But handgun bans are both politically unpopular and now, per Heller, also unconstitutional. It is understandable, if unfortunate, that gun-grabbers would then look for additional bans of classes of weapons in order to virtue-signal to their political base. From a demagogic perspective, perhaps it makes sense to try to ban the amorphous, undefinable “class” of weapons that seems to be used in many of the most high-profile, attention-grabbing mass shooting atrocities. But while it may make sense from a demagogic perspective, it is illogical and irrational from a statistical perspective.

3. There Is No Technical Way To Distinguish “Assault Weapons” From Less “Scary” Rifles.

The 1994 “assault weapons” ban defined a “semiautomatic assault weapon” as a firearm that contained two or more of a set list of wholly cosmetic features that in no way affect a firearm’s technical performance. Some of these features included a folding stock, a pistol-style grip, a detachable magazine, and a flash suppressor.

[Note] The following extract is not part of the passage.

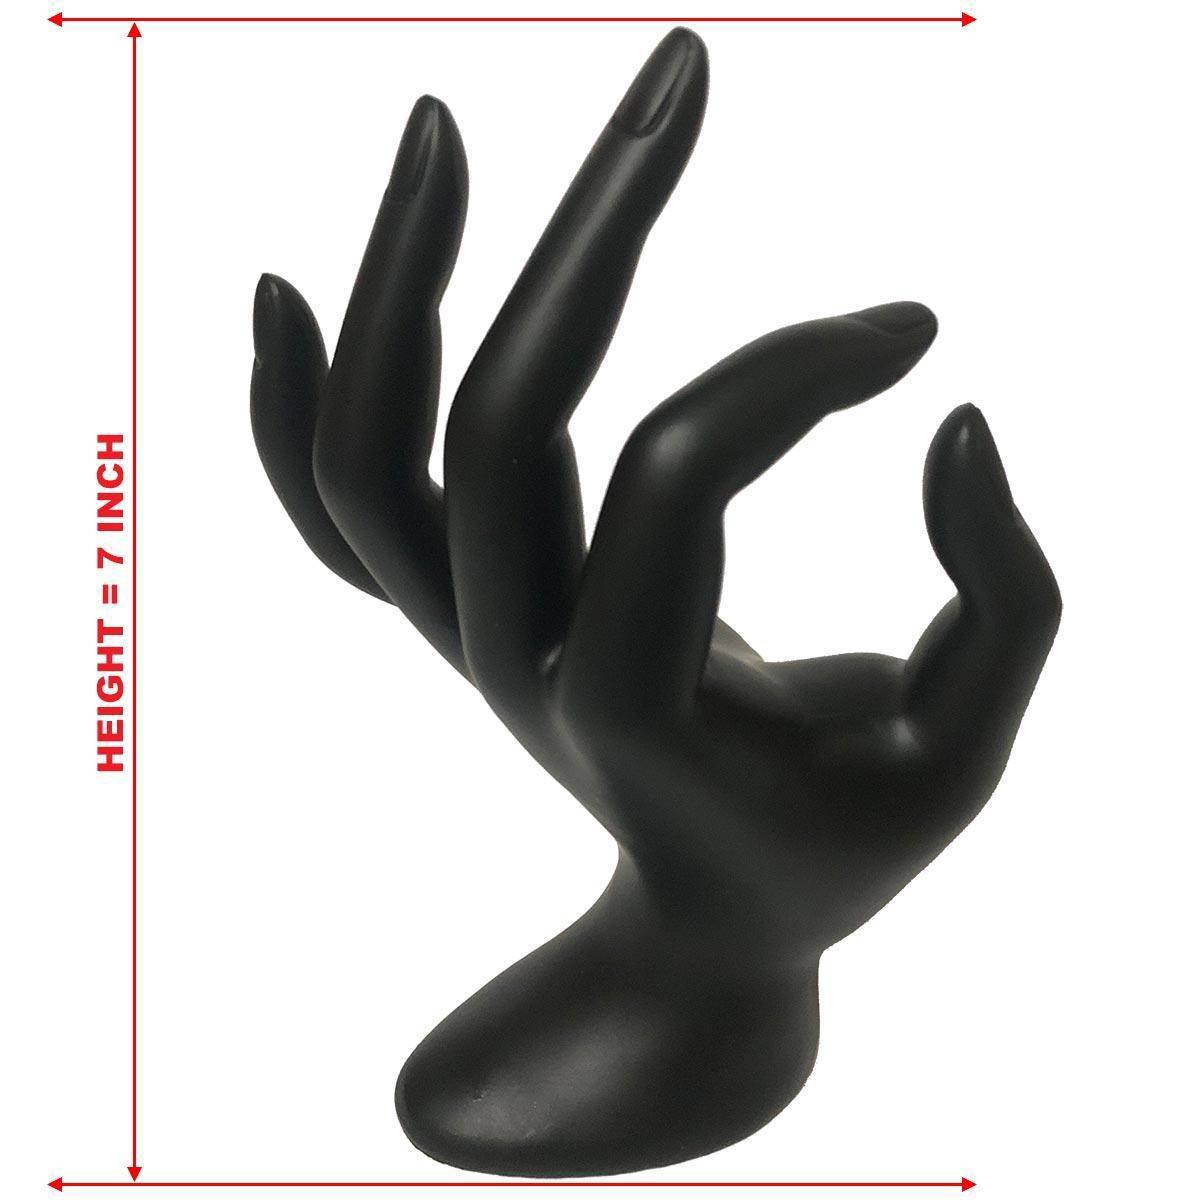 Jewellery Display Hanging Hand Holder Stand Show Rack Ring Bracelet Necklace - Black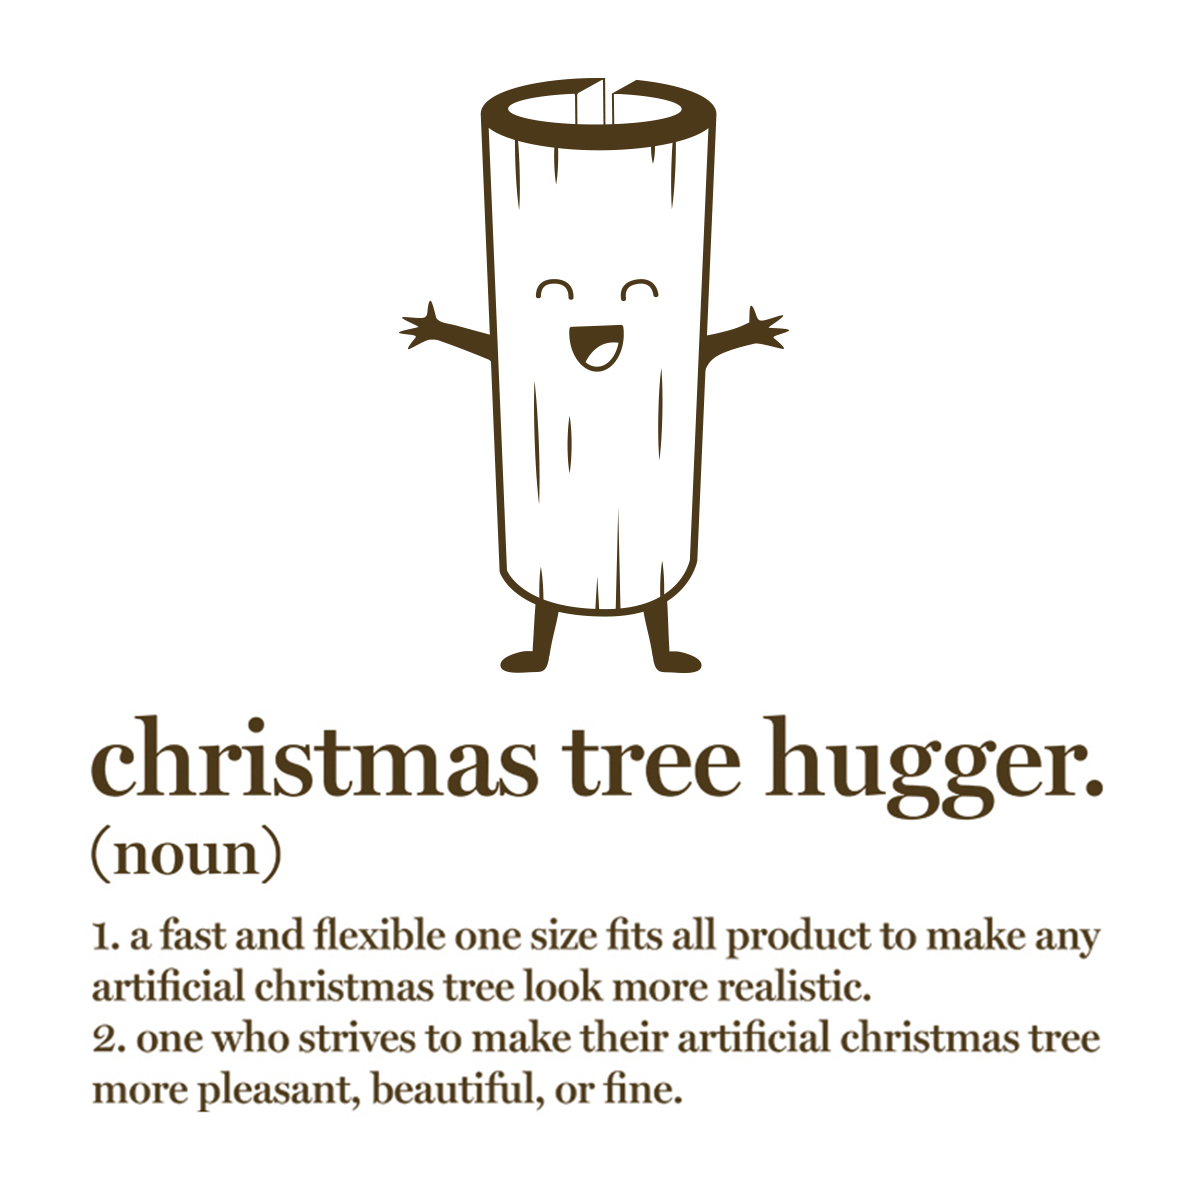 how-ryan-kenny-started-the-christmas-tree-hugger

One does not need to be a firearms expert to understand that none of these features actually affect the lethality of a firearm. A folding stock, for instance, merely allows for more comfort for the shooter. A pistol-style grip, similarly, might just be easier or more comfortable to handle. None of these features matter in the slightest for such technical statistics as muzzle velocity or the “twist rate” of a rifle’s underlying rifling. Instead, they are exactly what they look like: Wholly cosmetic features that large swaths of the political Left deem “scary”-looking. That is truly it.

Most AR-style “assault rifles,” furthermore, will take .223 or 5.56 NATO ammunition. But this ammunition is actually a smaller round than what is used in many more traditional-looking, non-“assault” rifles, such as typical old-school Winchester or Remington bolt-action rifles. For example, .243 and .308 Winchester rounds are, quite literally, larger — and, therefore, more lethal — rounds than are the .223/5.56 NATO rounds that are standard-issue for most “assault rifles.”

Fundamentally, the differences between between AR-style rifles and more traditional, less “scary”-looking rifles are cosmetic differences in degree — not technical differences in kind.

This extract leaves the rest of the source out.